*To do*. Could you copy exactly the lines below, beginning at the line with "Rusya'nın Ukrayna'ya karşı" and stopping after the line with "Taipei Game Show", with no pictures?

*Data in this exercise*.

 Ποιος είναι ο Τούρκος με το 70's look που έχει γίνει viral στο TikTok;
---
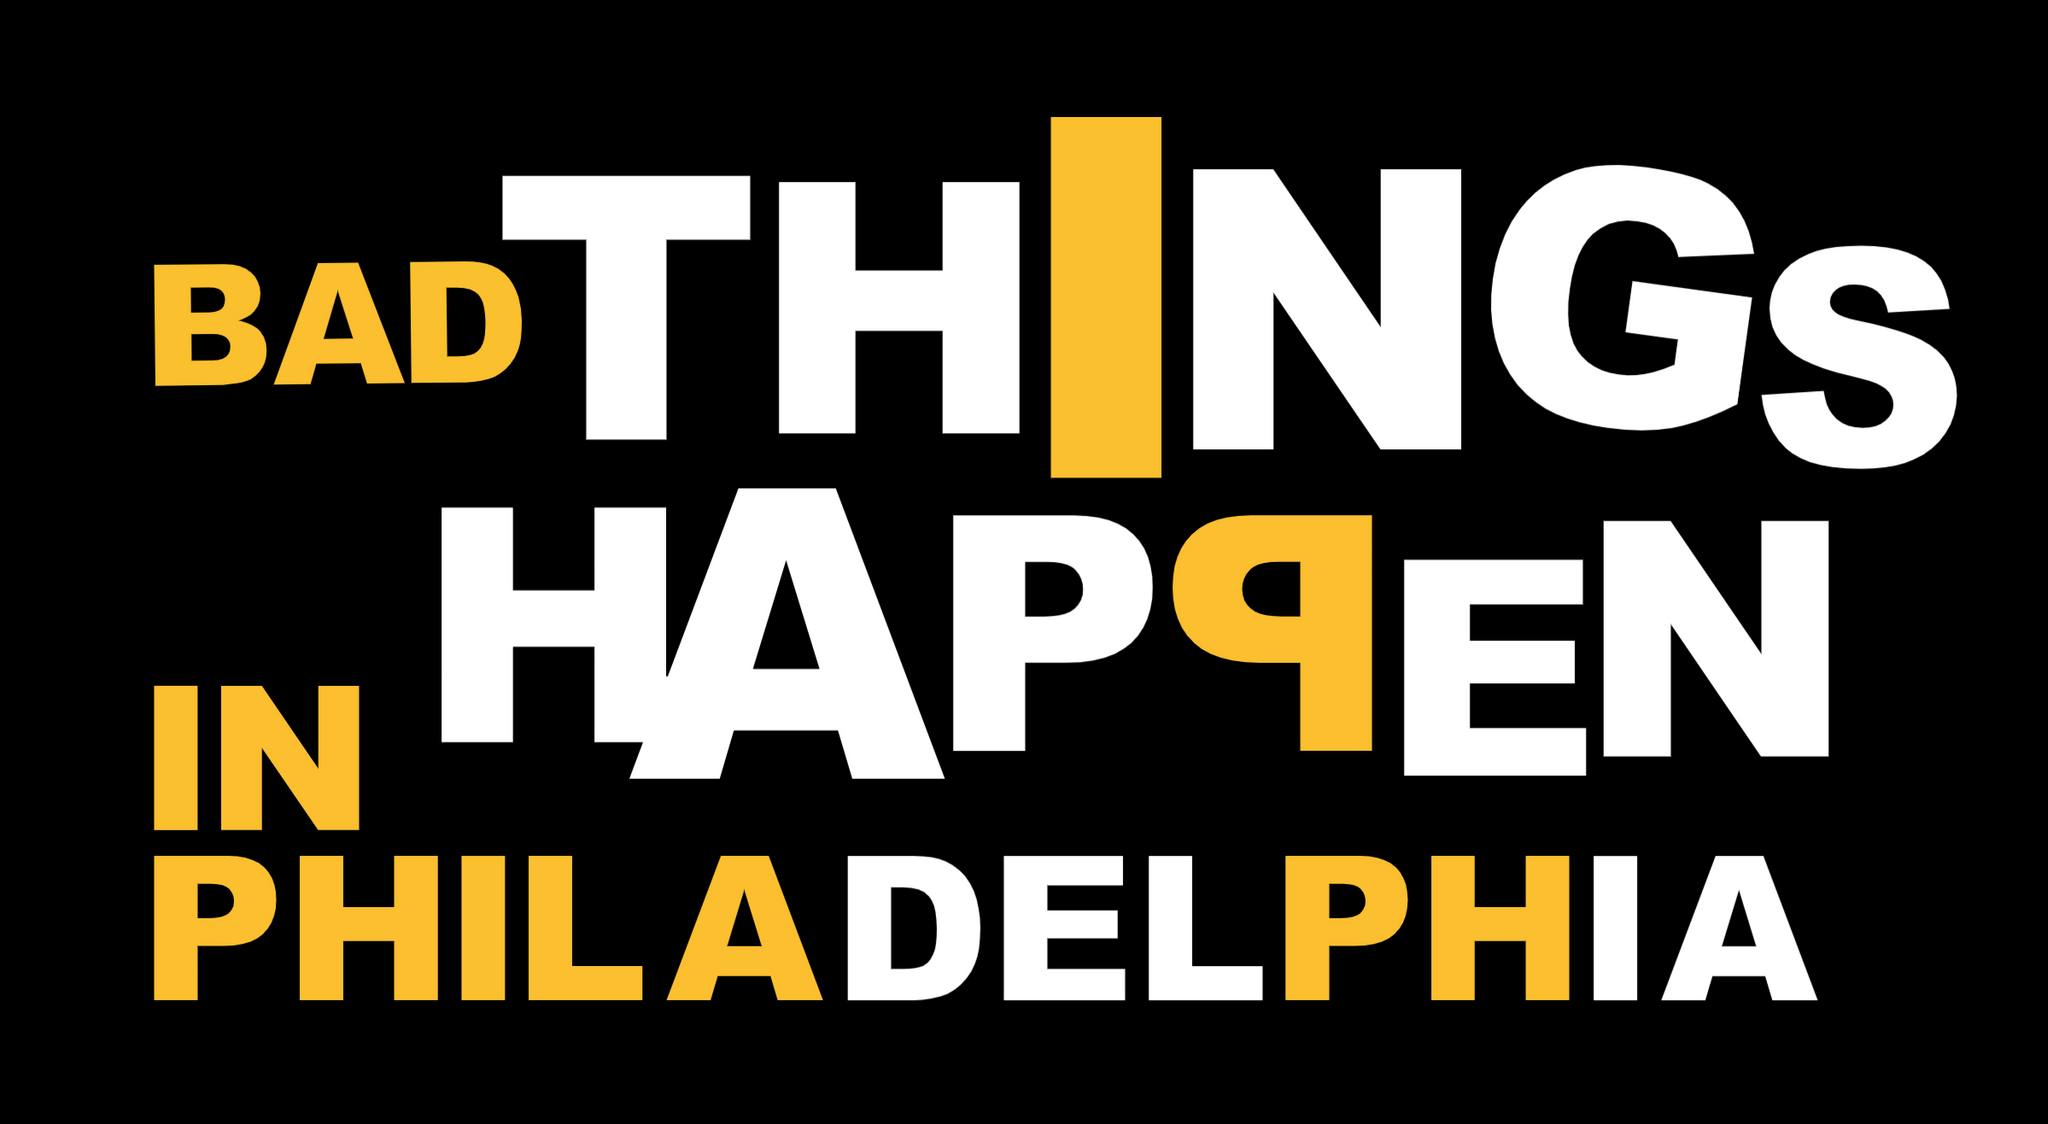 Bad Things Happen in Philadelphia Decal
...
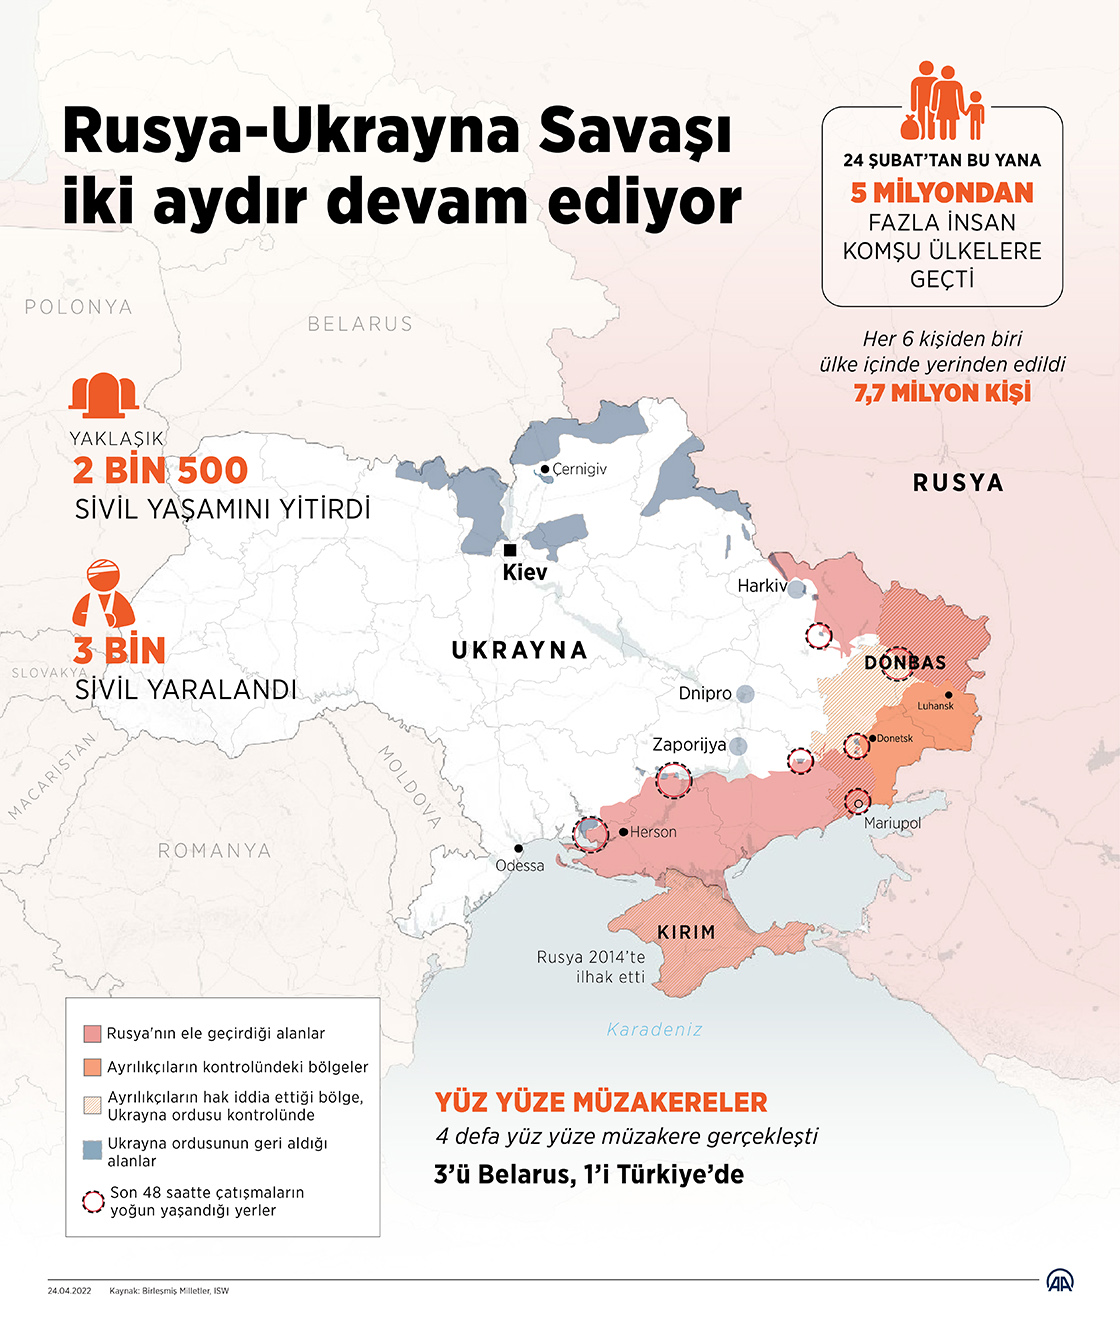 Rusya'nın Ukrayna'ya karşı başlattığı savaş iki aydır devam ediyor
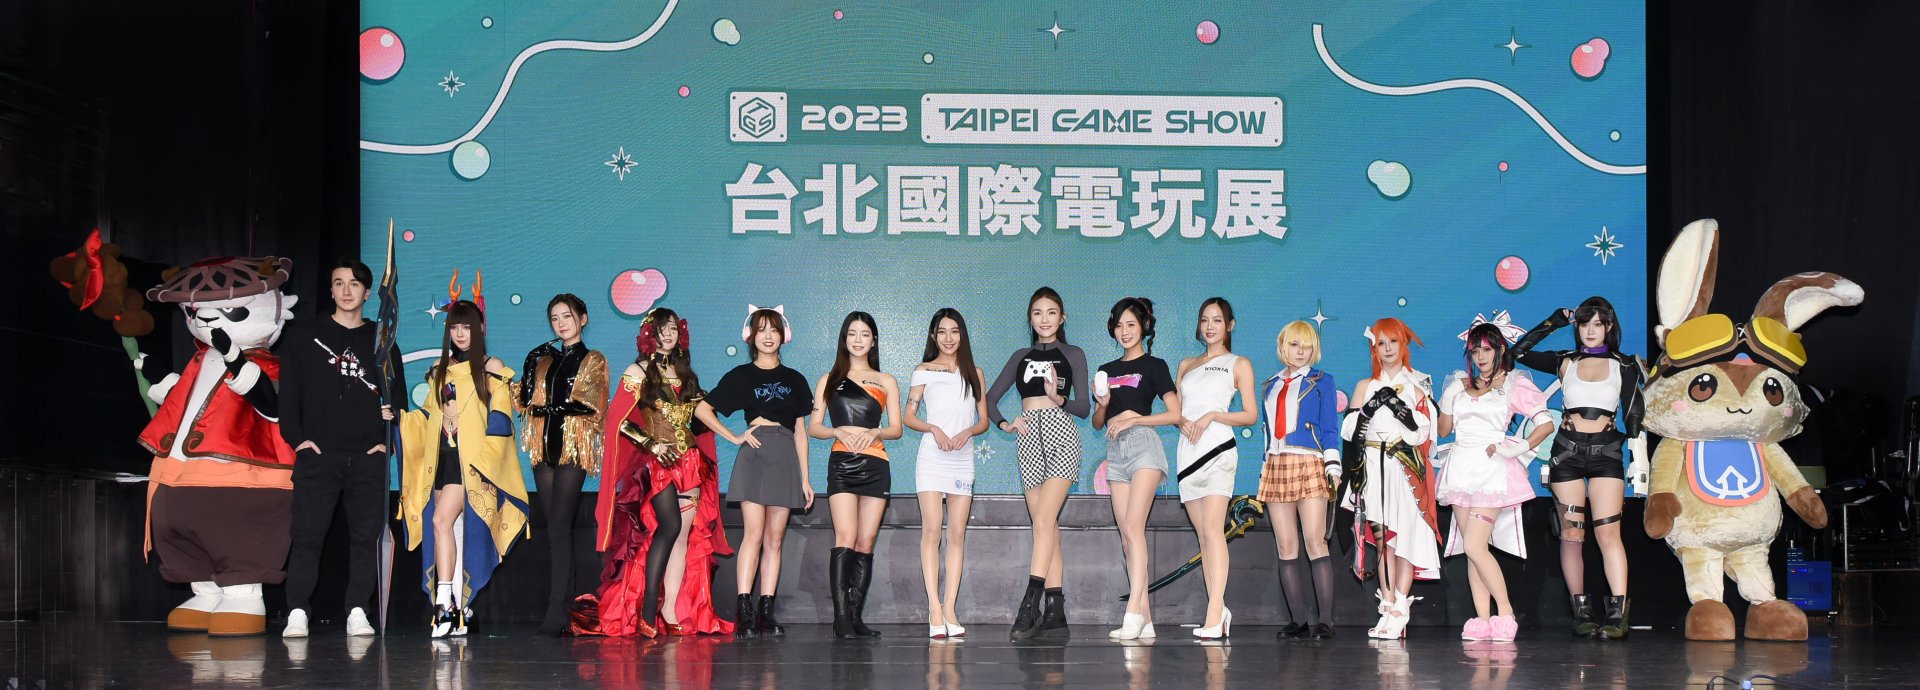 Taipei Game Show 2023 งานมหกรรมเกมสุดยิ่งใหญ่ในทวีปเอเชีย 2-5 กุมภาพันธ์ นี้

*Answer to this task*.
 Rusya'nın Ukrayna'ya karşı başlattığı savaş iki aydır devam ediyor
 Taipei Game Show 2023 งานมหกรรมเกมสุดยิ่งใหญ่ในทวีปเอเชีย 2-5 กุมภาพันธ์ นี้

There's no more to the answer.